▶ ACTION ITEM:
Find the line containing "3 Dormitorios Ensuite View" in the material below, then please transcribe it and each line after it exactly, without the pictures.
======== STORED DATA ========
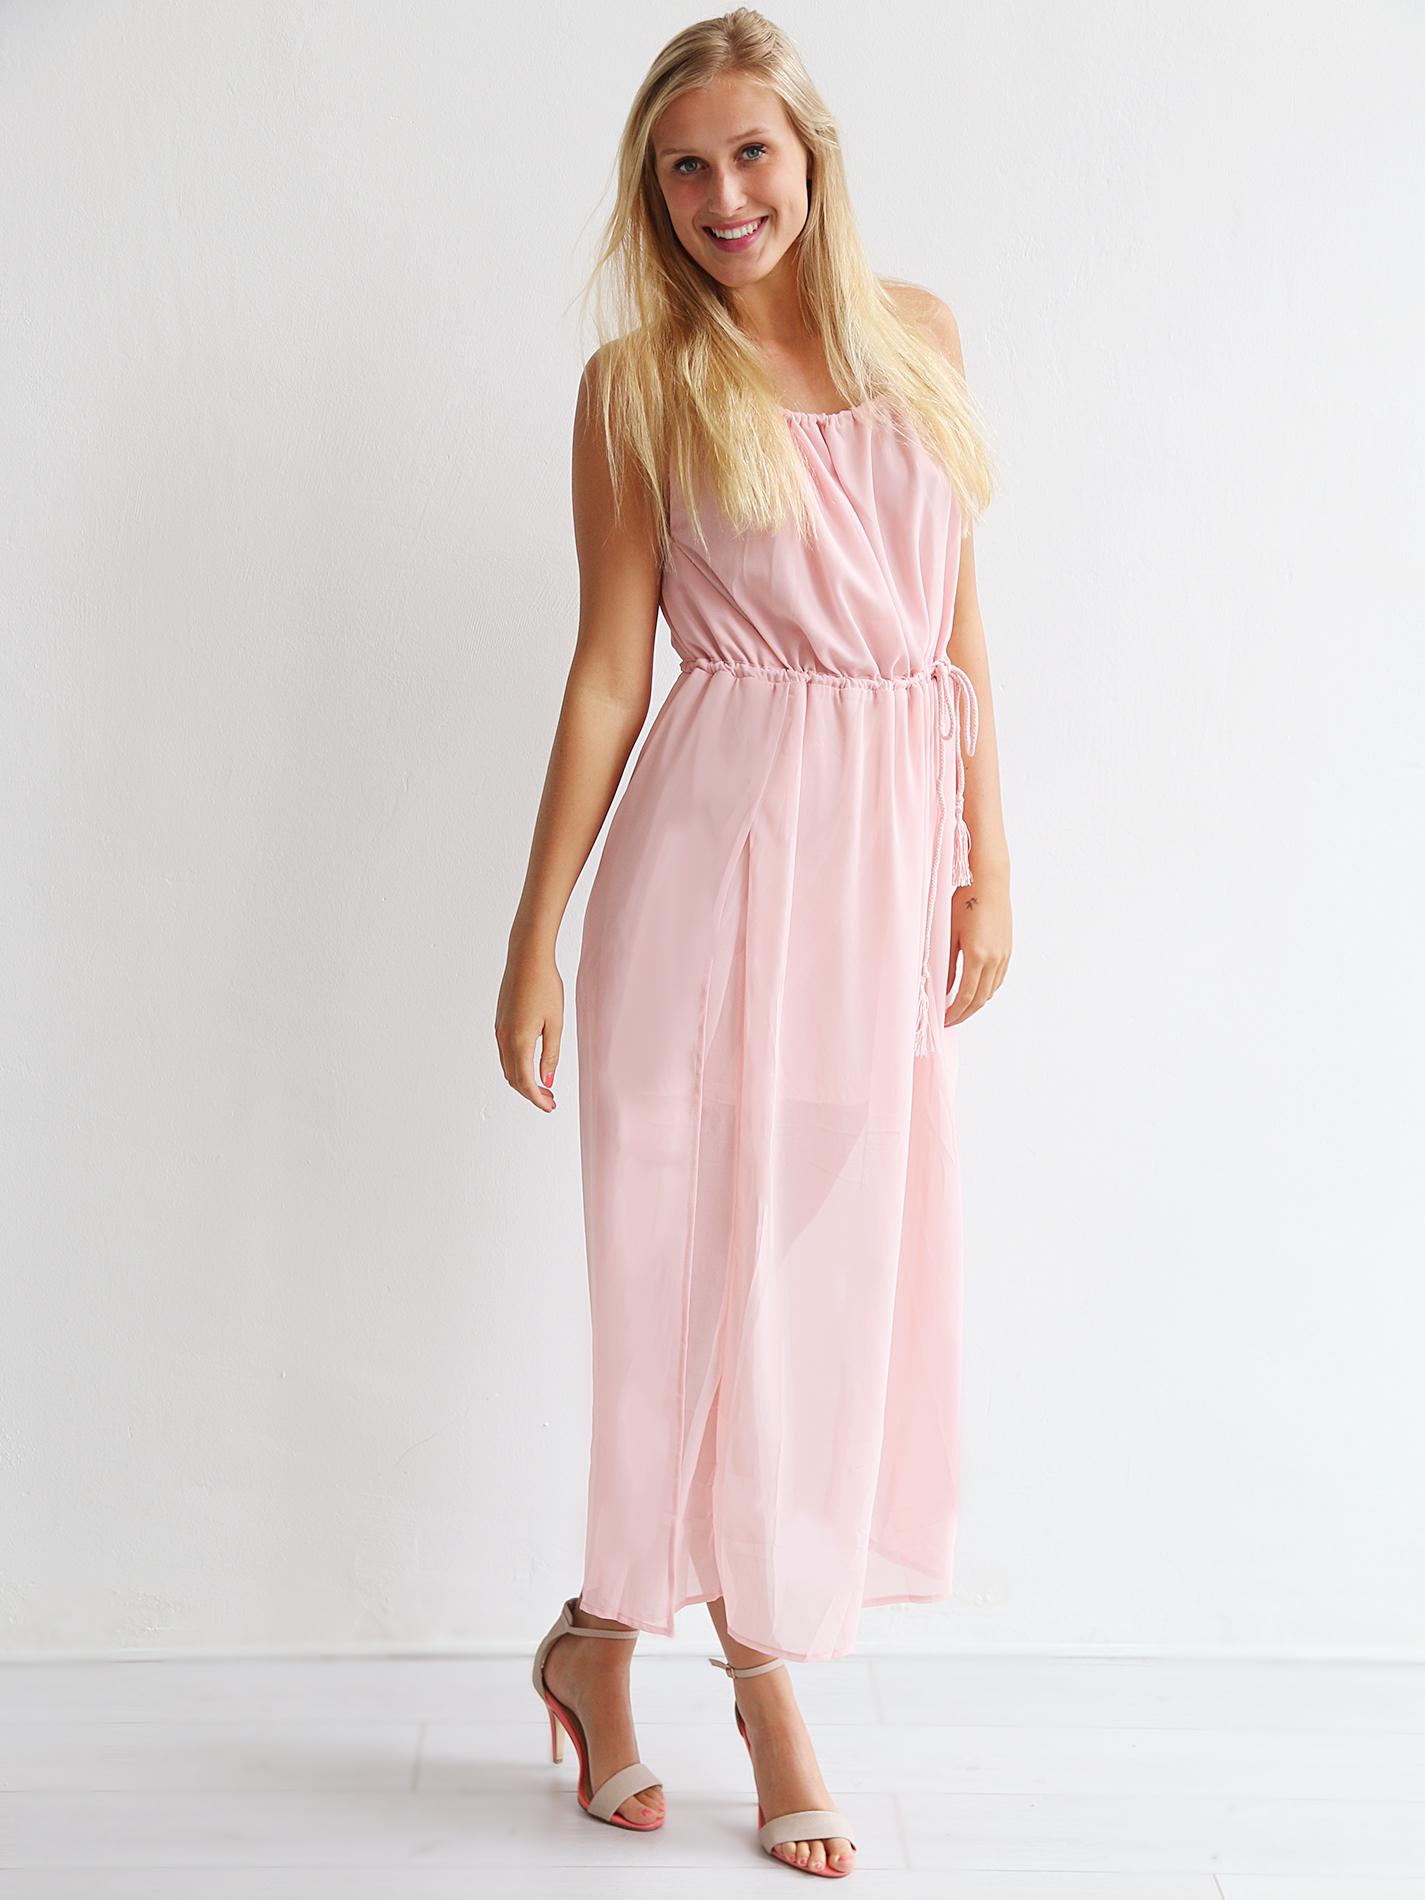 Roze Maxi Jurk.8 X Musthave Maxi Dresses Follow Fashion
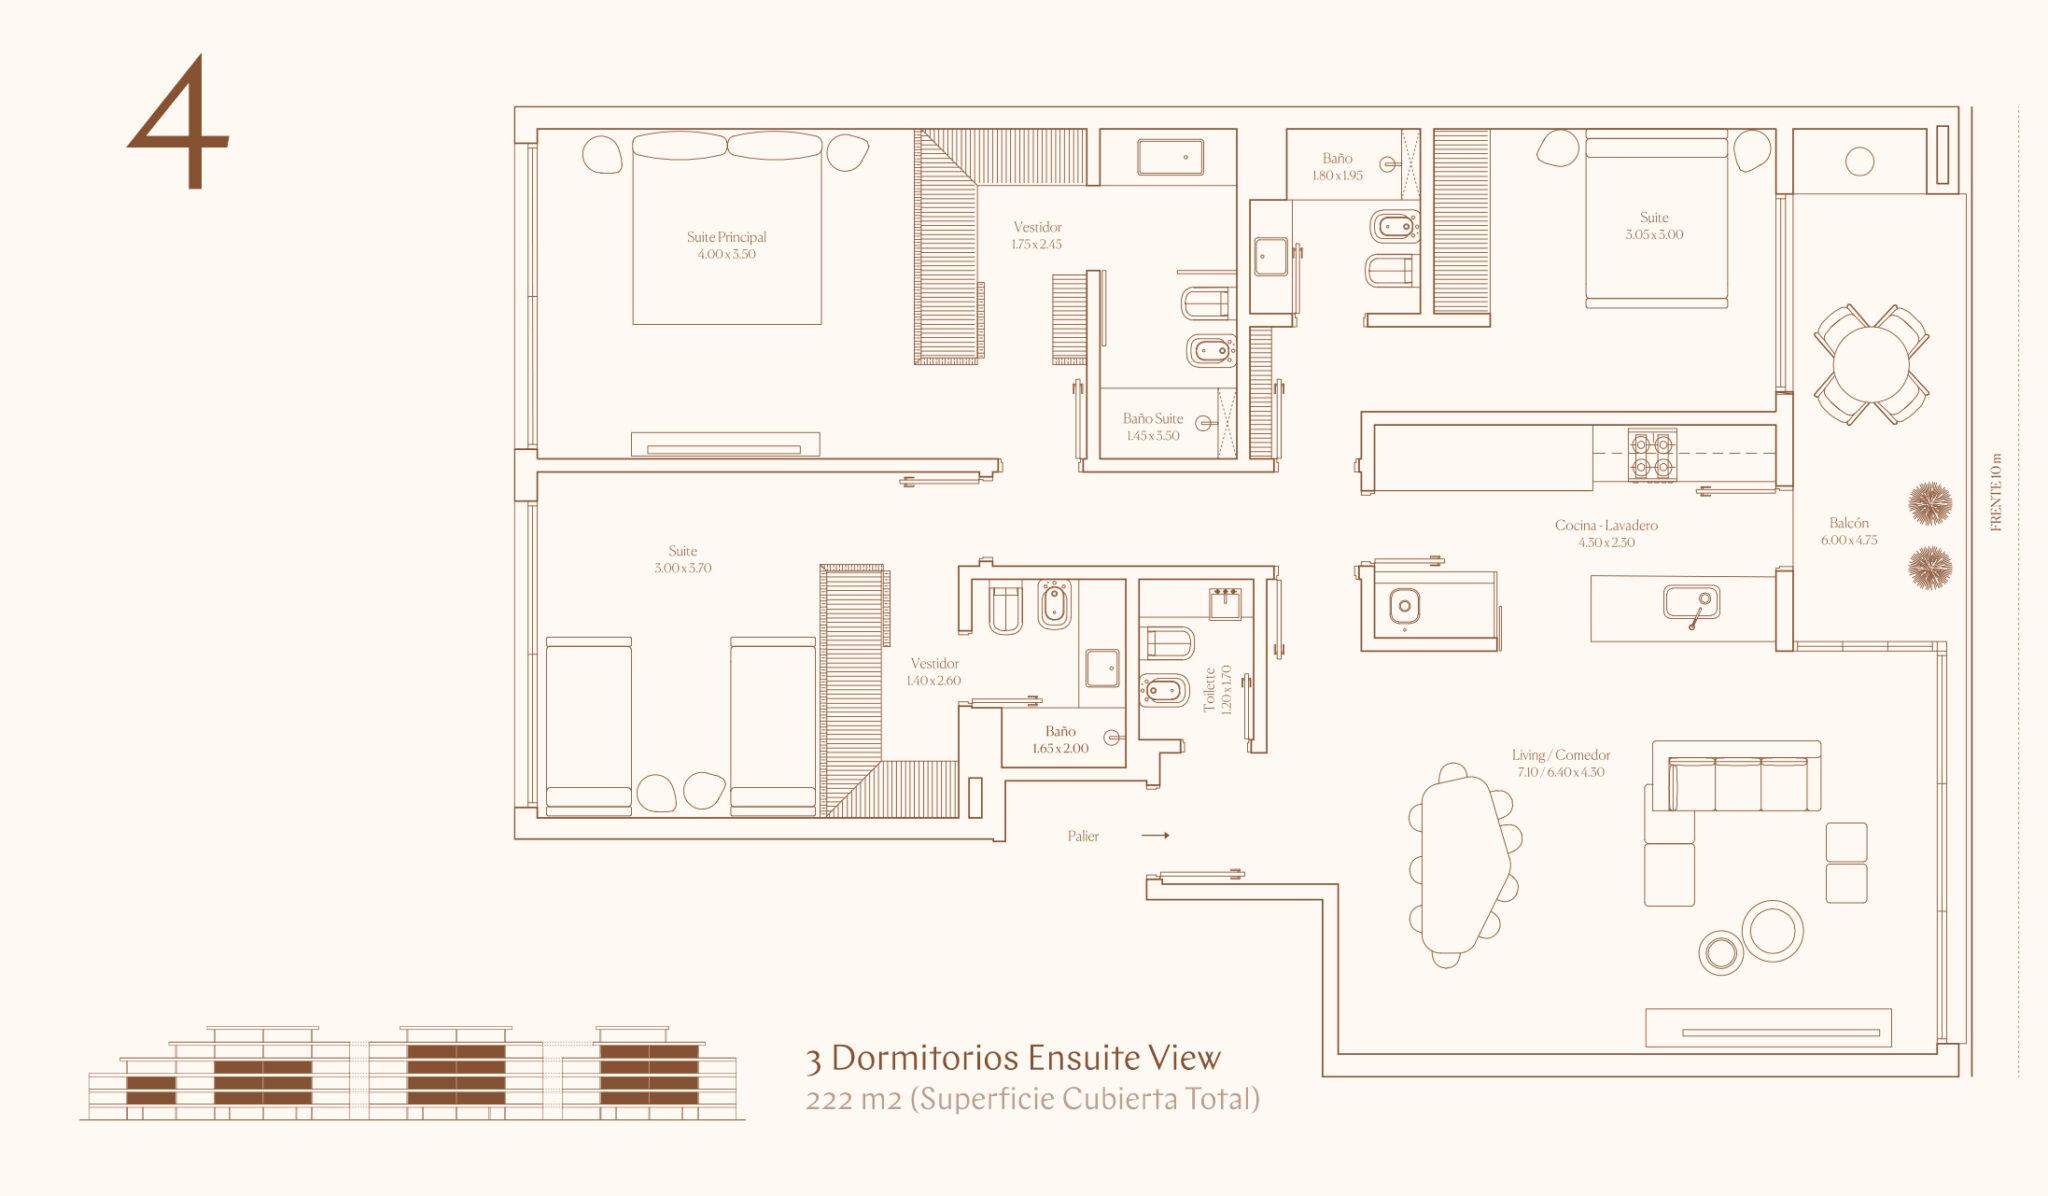 3 Dormitorios Ensuite View
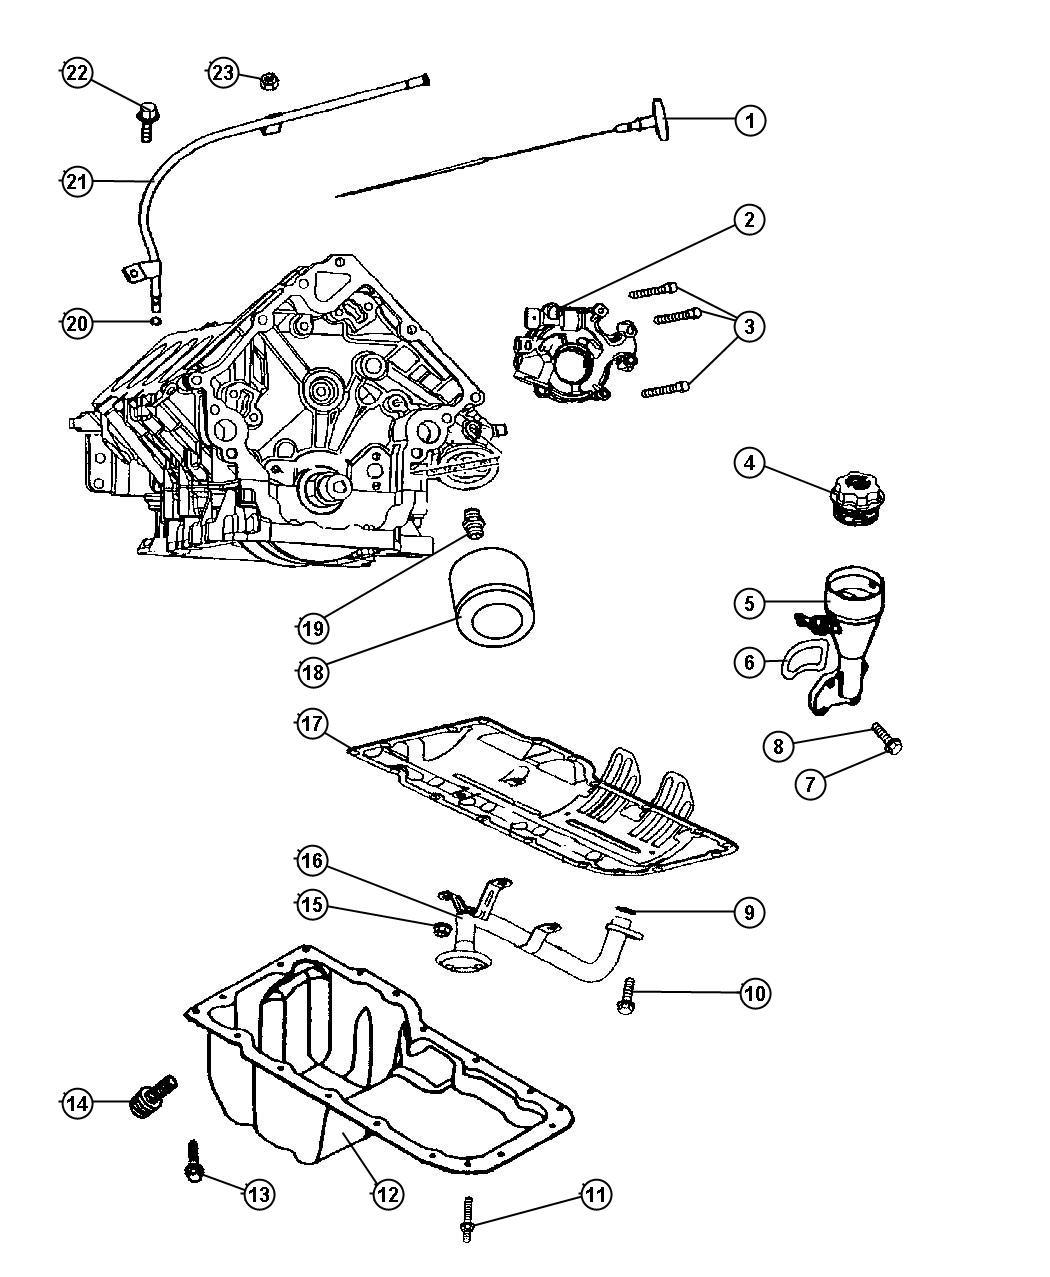 Dodge Ram 1500 Indicator. Engine oil level. Blocks
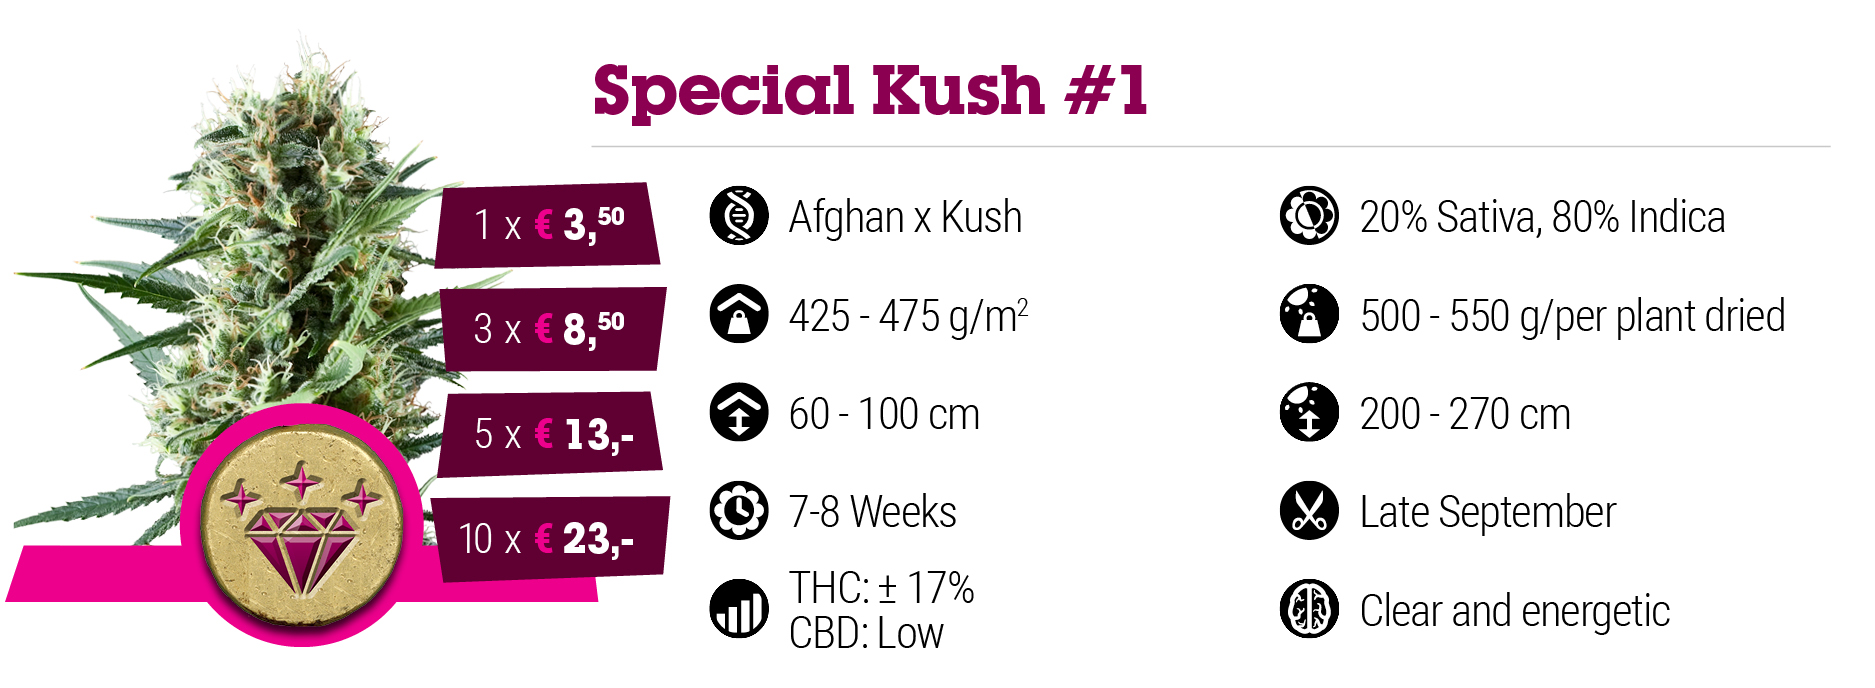 Special Kush
========
▶ RESPONSE TO THE EXERCISE:
 3 Dormitorios Ensuite View
 Dodge Ram 1500 Indicator. Engine oil level. Blocks
 Special Kush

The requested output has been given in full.